5. Experiments Results

To evaluate our proposed method, we collect 2000 UAV images from internet and our practical shooting videos, which 1000 images for train and 1000 images for test. All calculations are implemented using MATLAB 2015b on an Intel i5 2.6 GHz processor with 8 GB memory and Windows 10 64-bit operating system.

By counting the aspect ratio of the UAV images, the aspect ratio 1:2 is obtained, and the all sample images are normalized to 64 × 28 size.

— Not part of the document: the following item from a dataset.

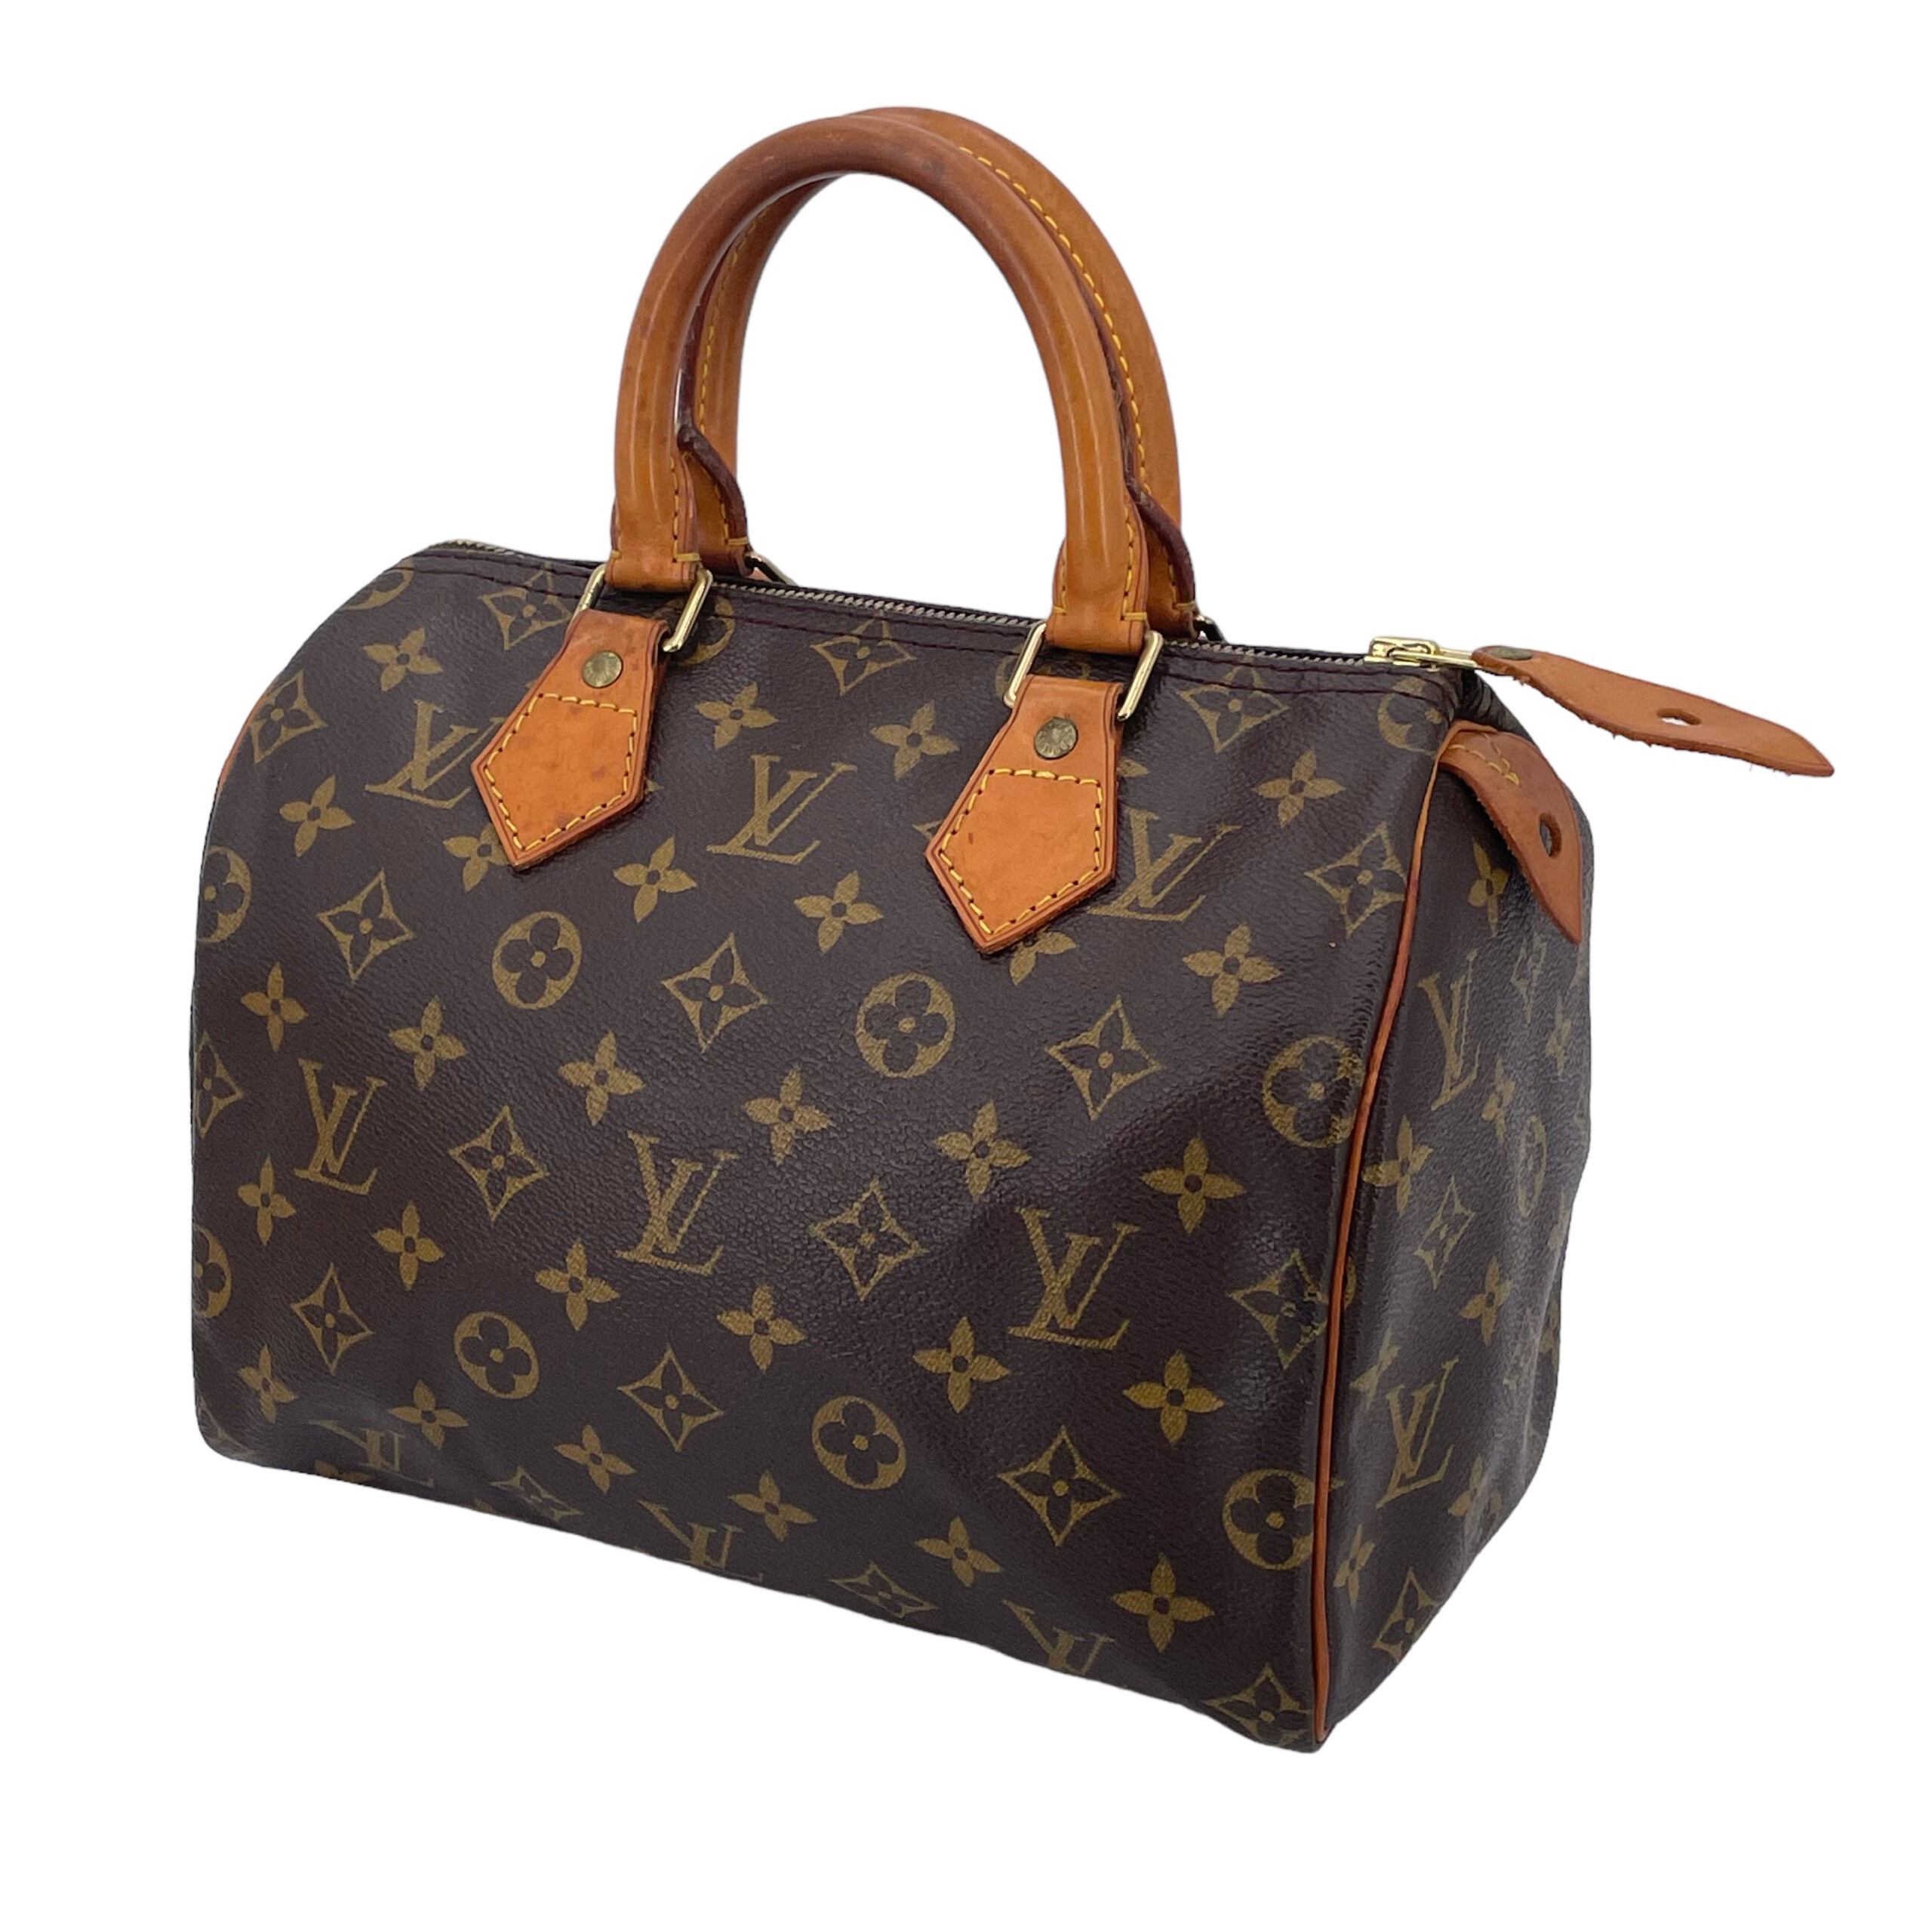 Keepall Bandoulière 25 (Blown Up) Monogram Other - Travel

(1) Candidate region extraction

Figure 6 shows the candidate regions with different degree using the EdgeBoxes extraction method. The parameter is optimized for detecting boxes at intersection over union (IoU) of 0.7. The other parameters are set alpha = 0.65, beta = 0.90, opts.multiscale = 0, model.opts.sharpen = 0. The number of candidate regions in Figure 6a is more than the number in Figure 6b with the parameter max number of boxes. However, a large amount of candidate regions increases the calculation work, which will lead to inefficiency. Hence, we use an appropriate parameter, such as Figure 6c. For the image size 500 × 281, the time is 0.068 s. The time difference is about 0.001 s with the parameter “max number of boxes” varying from 50 to 1000.

(2) Feature extraction and dimensionality reduction:

Log-Gabor feature is extracted from candidate regions of the steps above. In order to speed up the detection, Log-Gabor filters of one scale and three directions are adopted. The filter time of Log-Gabor for the single sample image is 0.003 s, which fully satisfies the real-time need. These amplitudes of Log-Gabor filtering image are used in this paper, and all column pixels are concatenated into a single vector. It generates 24,576-dimensional feature vector.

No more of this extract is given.